#### [Task]
Lines before the one containing "Lunnyy posevnoy kalendar'" are not wanted; restate the rest below word for word, through the last line, but drop any pictures.
[Input data — start]
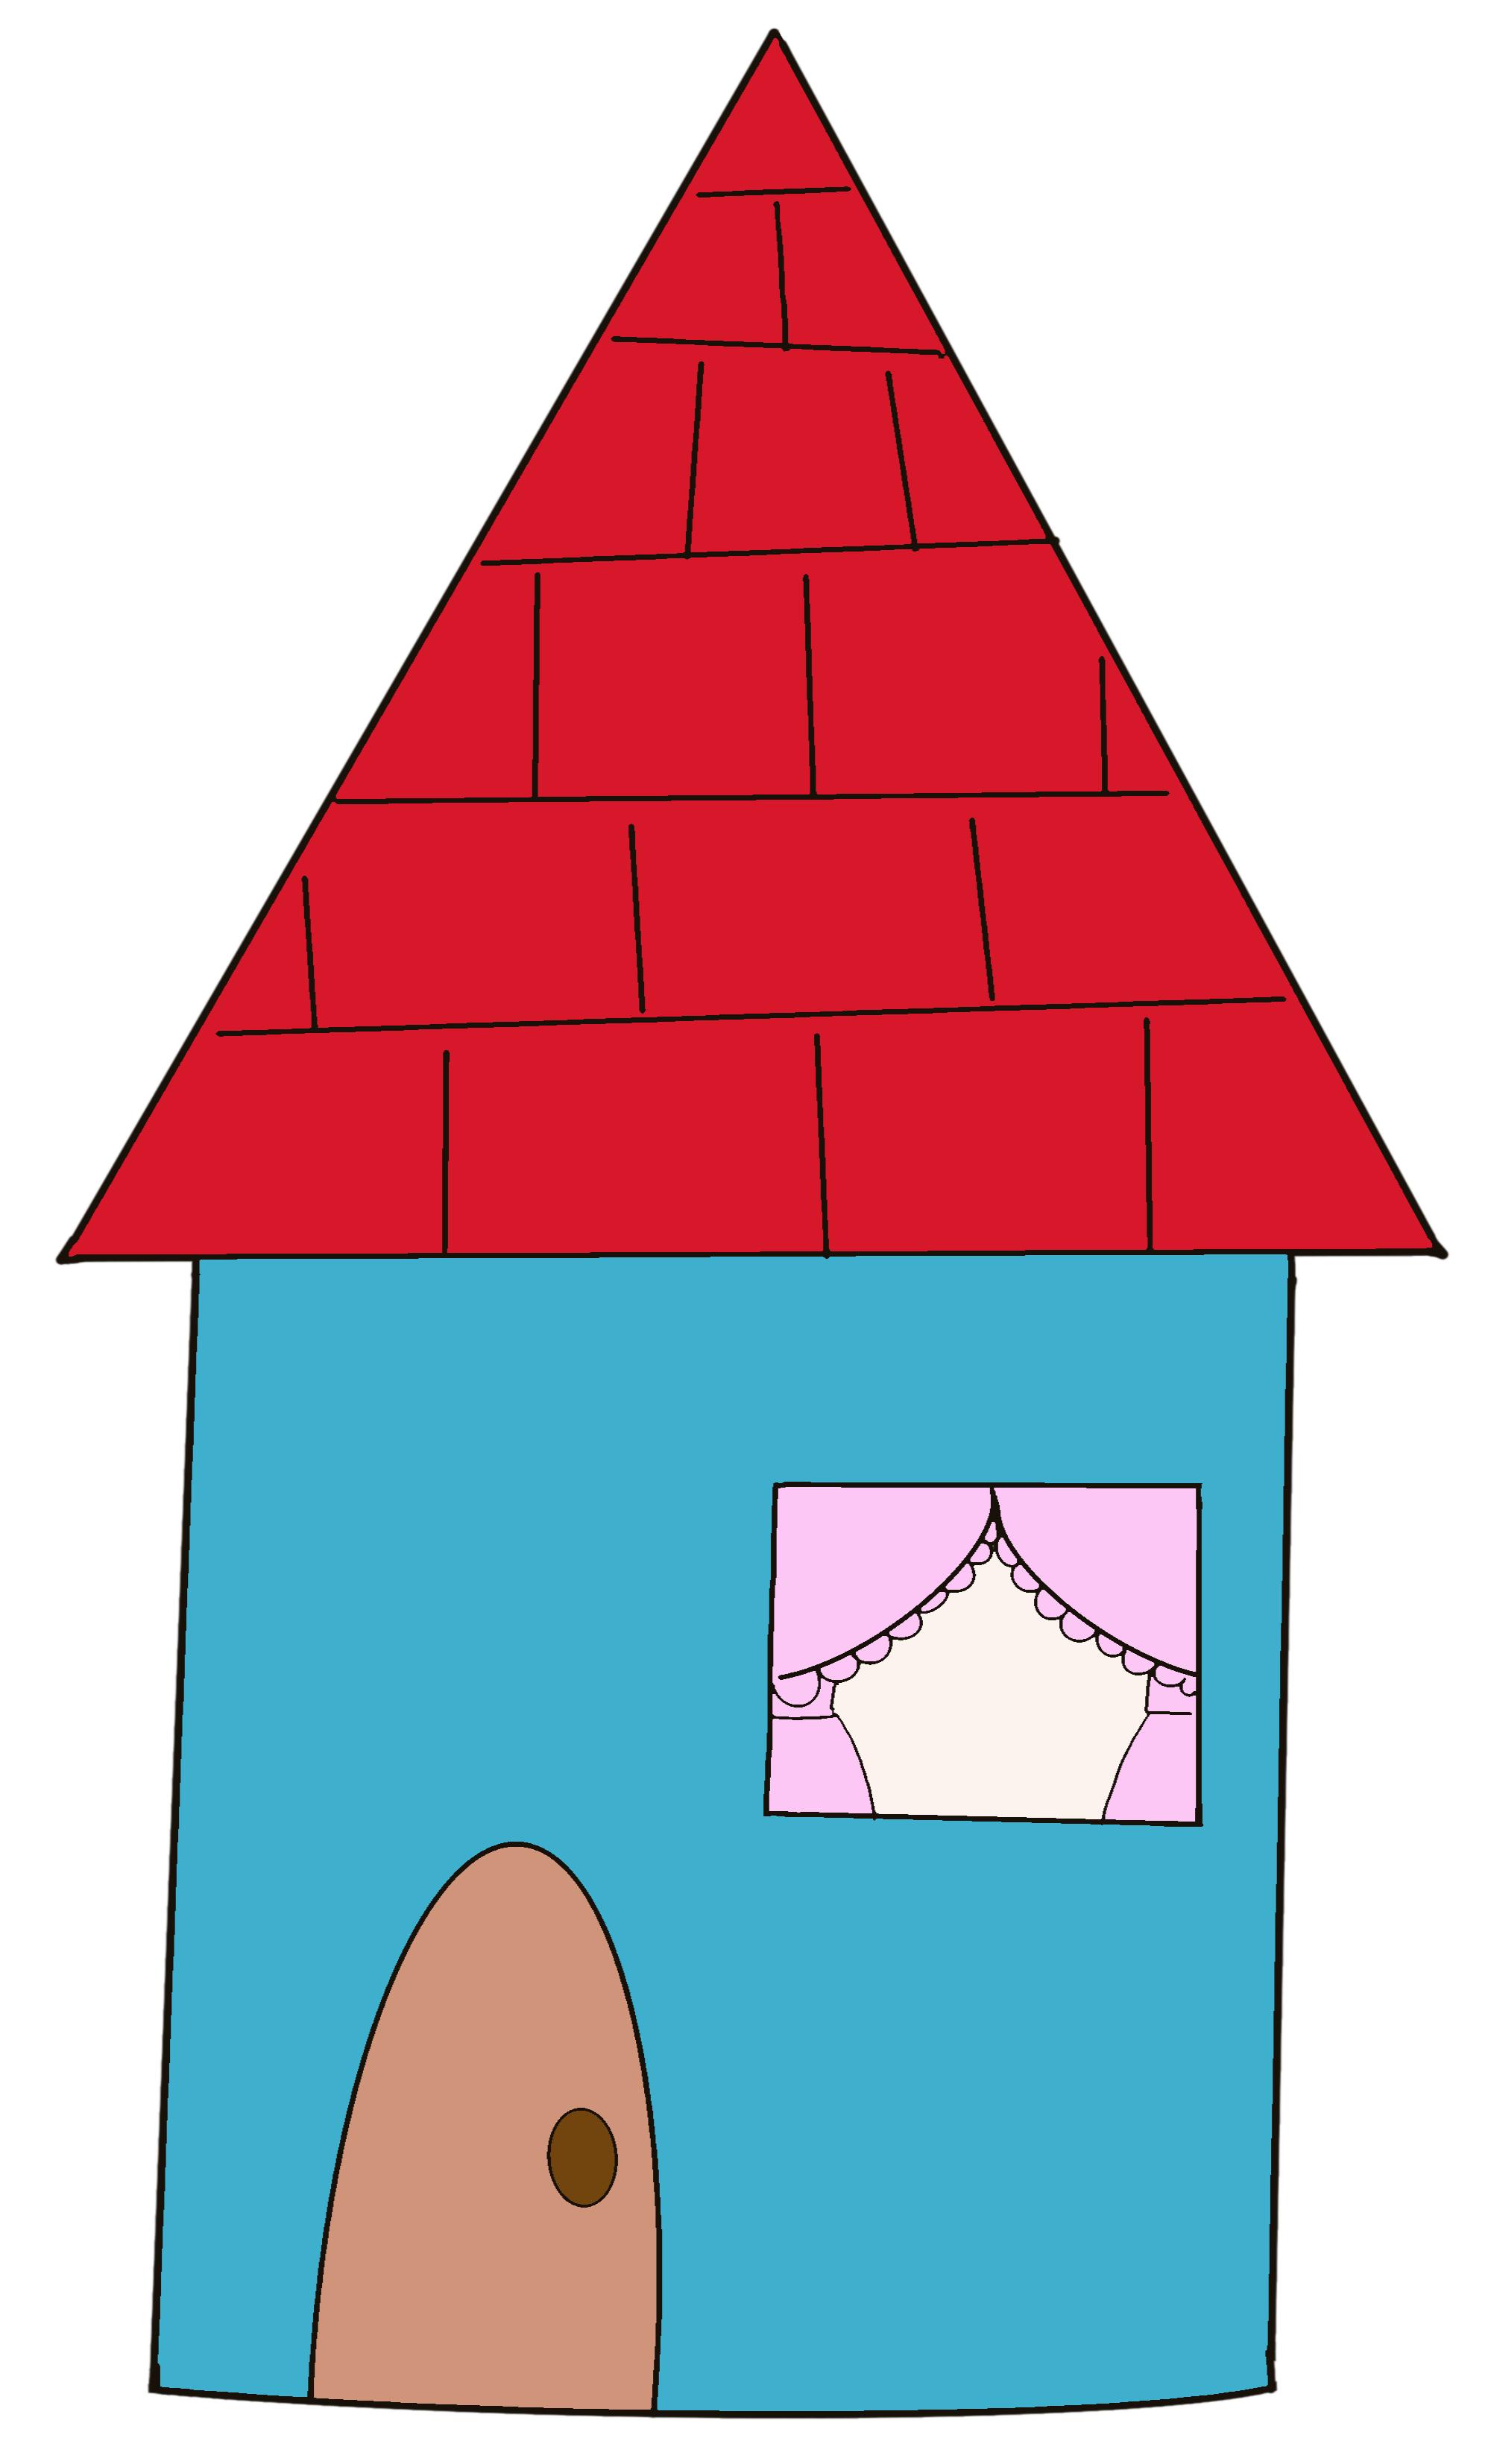 点つなぎ 家(完成一例)
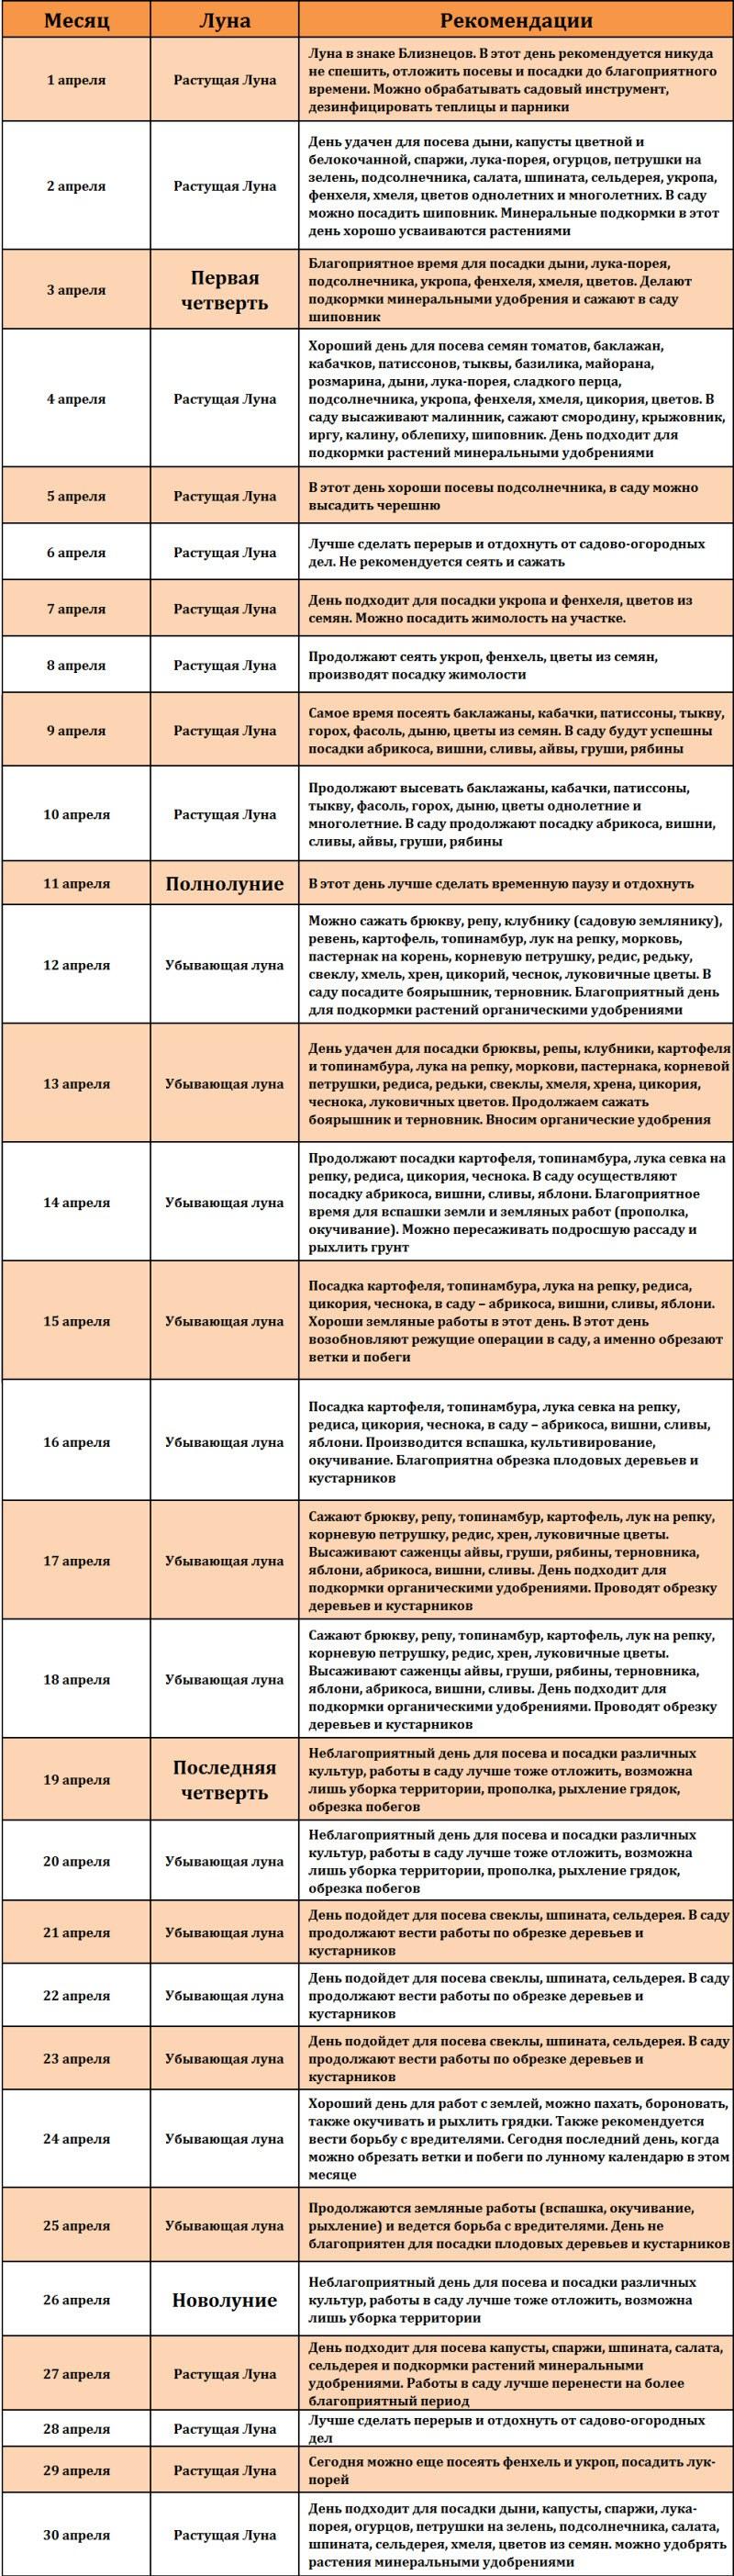 Lunnyy posevnoy kalendar' na aprel' 2017 goda sadovoda i ogorodnika
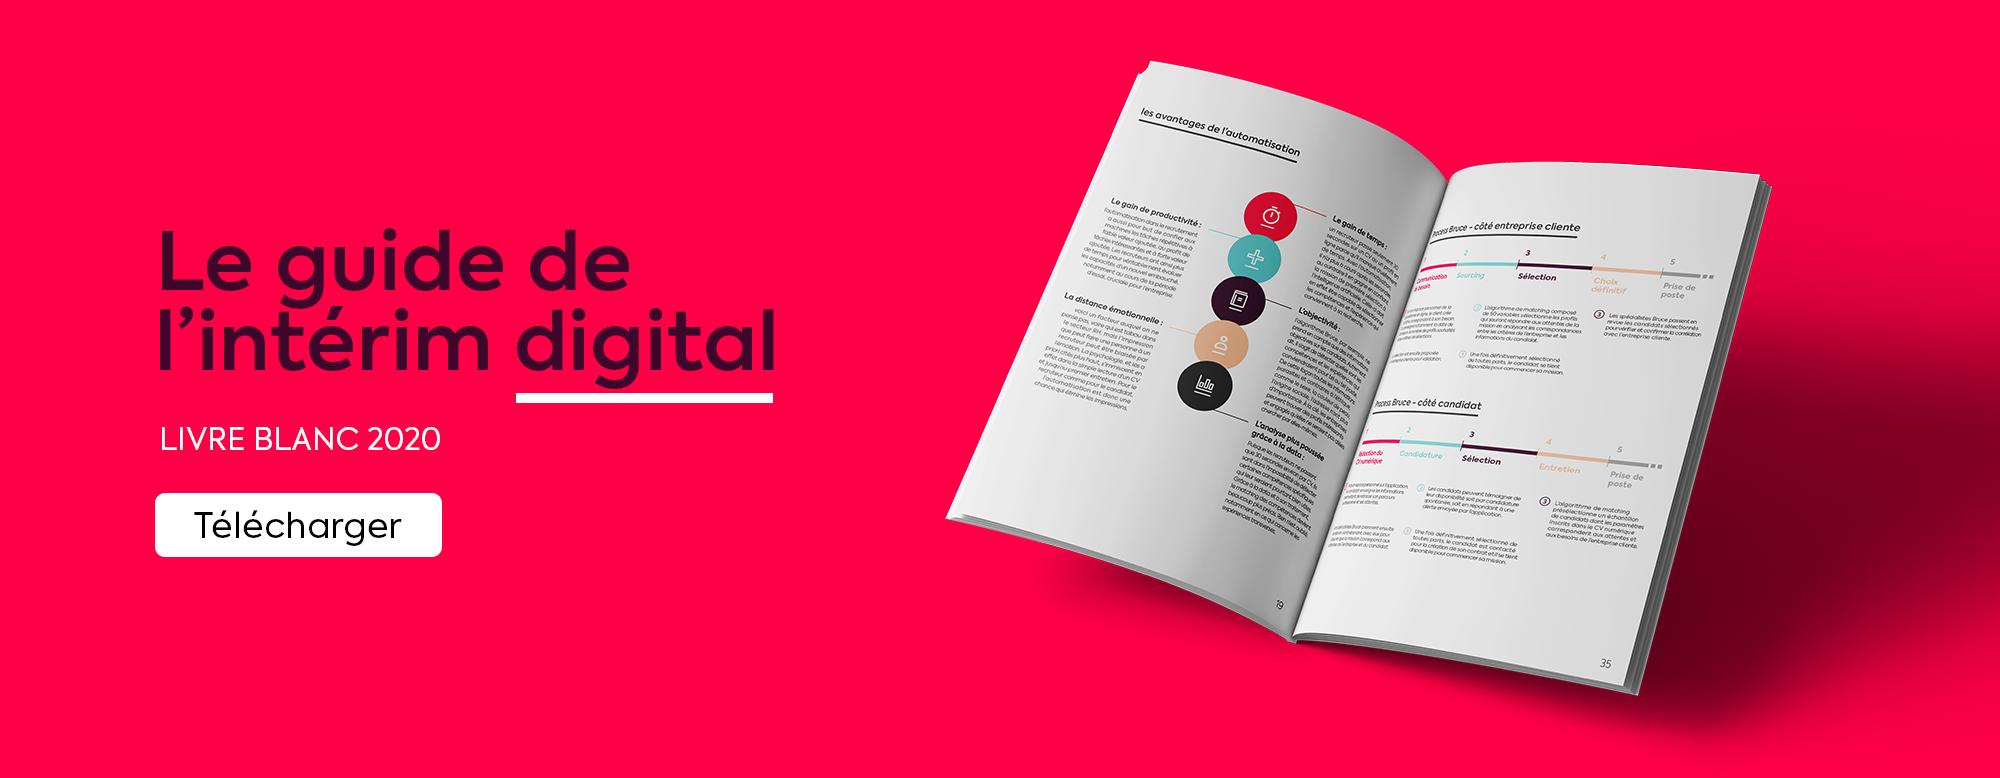 Télécharger notre guide de l'intérim digital
[Input data — finish]
#### [Problem solution]
 Lunnyy posevnoy kalendar' na aprel' 2017 goda sadovoda i ogorodnika
 Télécharger notre guide de l'intérim digital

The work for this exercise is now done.